Absolutely beautiful,you did a brilliant job. :thumbup: :thumbup: :thumbup: :thumbup:


----------



## missmolly (Jun 8, 2011)

They are adorable ~ shame they're crocheted :-D


----------



## Jack1086 (Apr 16, 2013)

Alan Dart also does a pattern for a chick inside an egg that is knitted (it was free when i downloaded it and may still be)made them this year for my niece and nephews who all loved them


----------



## to-cath (Feb 27, 2013)

When I read the title, and before I saw the photos, I was prepared for a Christmas theme, after all, it's only six months until Christmas Eve!


----------



## red lion (Oct 26, 2012)

Do you have the pattern for the divided egg with chick? So cute!


----------



## Rena 2 (Aug 24, 2011)

Dear Zoe, you gave me such a big smile on my face this morning. I made all of those lovely patterns for my first two daughters when they where little and they enjoyed them very much. What a joy to make! Thanks for the link, would love to make the diorama egg. Easter time or not.....


----------



## run4fittness (May 22, 2011)

those are cute! thanks!


----------



## zbigley (Mar 17, 2011)

https://docs.google.com/document/d/1G0z8TDQzvLKbkT0uJjAkMFbXIFOSUEIx-fXEQiufXsk/edit

 Zoe


----------



## Cin (Jul 8, 2011)

How adorable!
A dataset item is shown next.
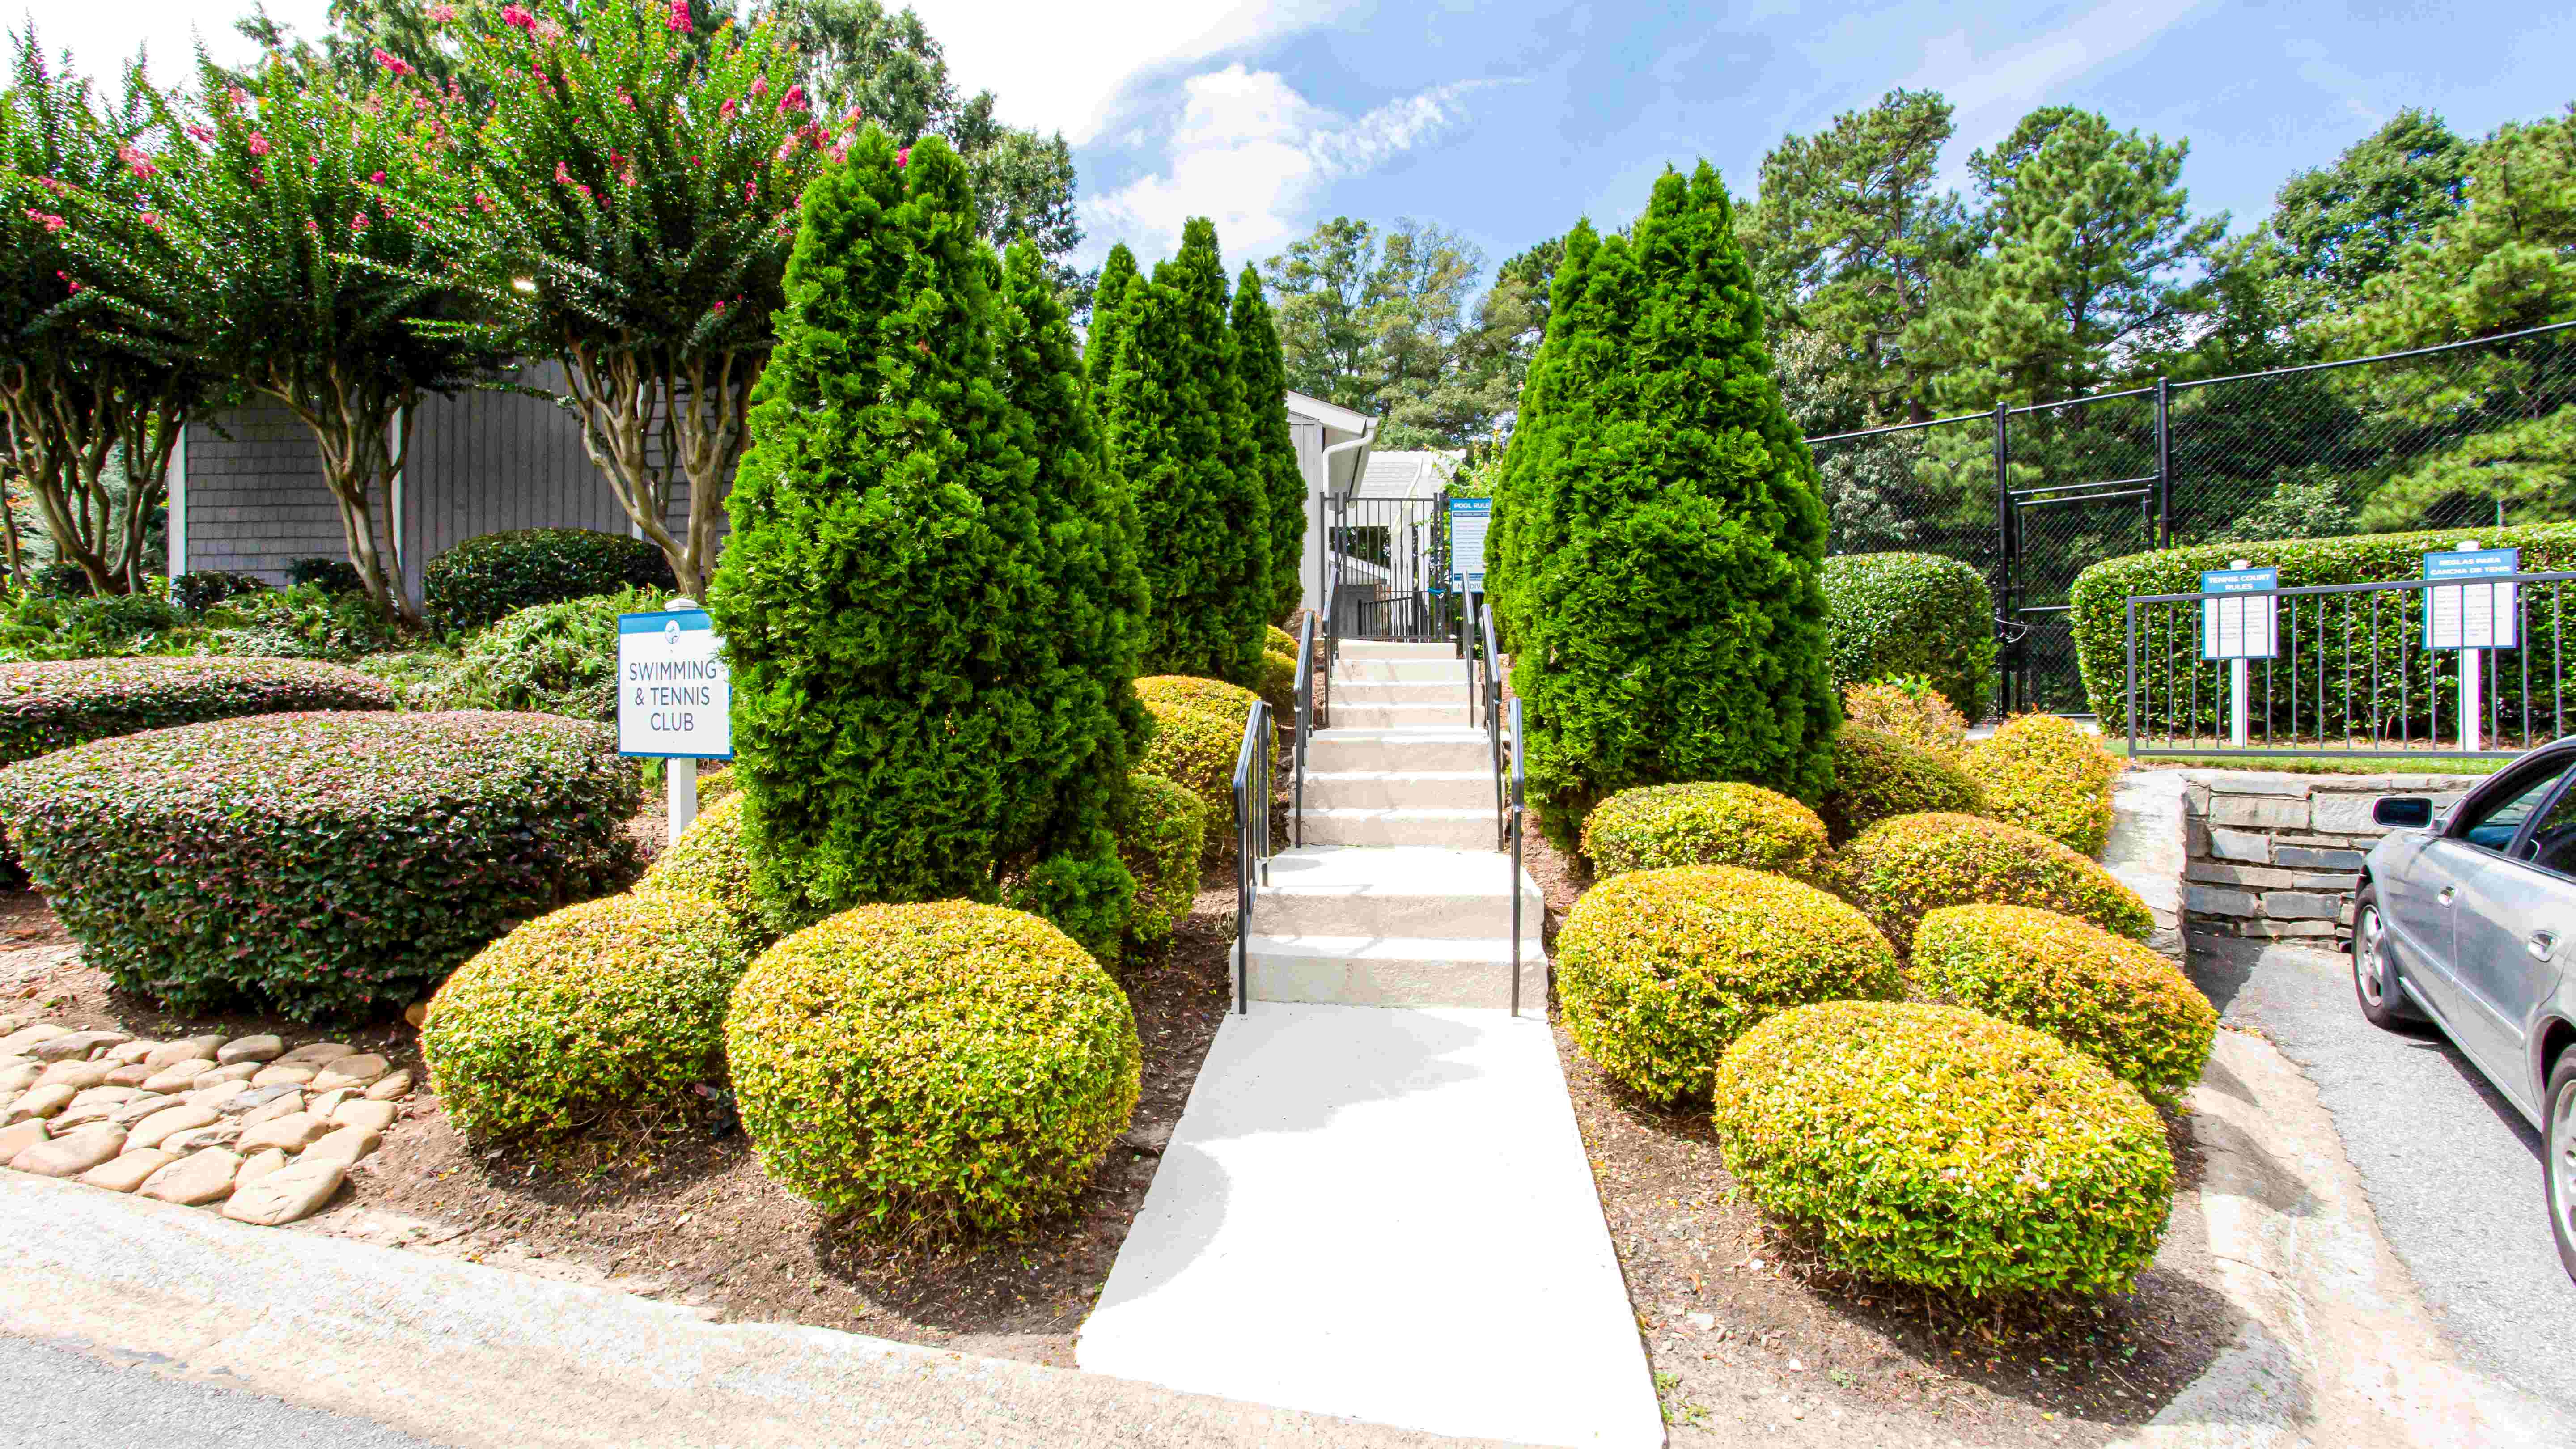 Midwood Estates Located in Doraville, GA exterior view

Thank you!


----------



## Linda333 (Feb 26, 2011)

Thank you so much for posting the eggs. It may not be the season, but I do not like seeing seasonal patterns the week before the event - not enough time to get everything finished in time. I can make these now and not be rushed when Easter approaches. I love both patterns!


----------



## Betty2012 (Apr 24, 2012)

Jack1086 said:


> Alan Dart also does a pattern for a chick inside an egg that is knitted (it was free when i downloaded it and may still be)made them this year for my niece and nephews who all loved them


I wasn't familiar w/Alan Dart, but just looked for him--adorable designs, but don't see any free ones.


----------



## Betty2012 (Apr 24, 2012)

Perfect timing--can start planning ahead this way. I wonder if I still have the old magazine. It's possible . . . .


----------



## Mercygirl76 (Dec 30, 2012)

So pretty and delicate!!! I can remember as a child getting a sugar easter egg in my basket with a scene inside. My sisters and I would fight over who had the best scene and prettiest egg!!!


----------



## Rena 2 (Aug 24, 2011)

Betty I just typed in google, free patterns Alan Dart, and several came up. Did you give that a try? Hope you can find them....


----------



## jomacoy (Feb 9, 2013)

Thank you.


----------



## Betty2012 (Apr 24, 2012)

Rena 2 said:


> Betty I just typed in google, free patterns Alan Dart, and several came up. Did you give that a try? Hope you can find them....


I see, Rena 2; I had just taken a quick glance at his website, and had seen no "Free Patterns" listed, as is often done. There are definitely some cute ones available--thanks.


----------



## zbigley (Mar 17, 2011)

Hi Betty 2012, There is a chick and egg for free (K) on Alan Dart's web page.

http://www.alandart.co.uk/product/all-patterns/chick-egg-free/

Good luck, Always, Zoe


----------



## Rena 2 (Aug 24, 2011)

You are very welcome Betty, glad that you found them


----------



## ChristmasTree (Nov 28, 2011)

So cute, and if you're like me, now is not too soon!


----------



## DickWorrall (May 9, 2011)

I remember those eggs made of sugar with the pictures inside.
Thanks for the links.
Dick


----------



## SharonT (Apr 4, 2012)

So cute!


----------



## rose haft (Jul 30, 2011)

Oh what the heck, Christmas is on sale already at Hobby Lobby. Easter eggs won't be that much of a stretch. And they're cute looking.


----------



## red lion (Oct 26, 2012)

Thank you for the pattern. I'll have to make some of these cute eggs for Easter now!


----------



## oannejay (Apr 12, 2012)

I love the diorama egg. the sugar ones are great, but don't last forever. This can last forever. thank your for sharing.


----------



## Thea (Sep 1, 2012)

I love these. I know my niece would be excited to have these.


----------



## CarolineF54 (Nov 5, 2019)

[No message]


----------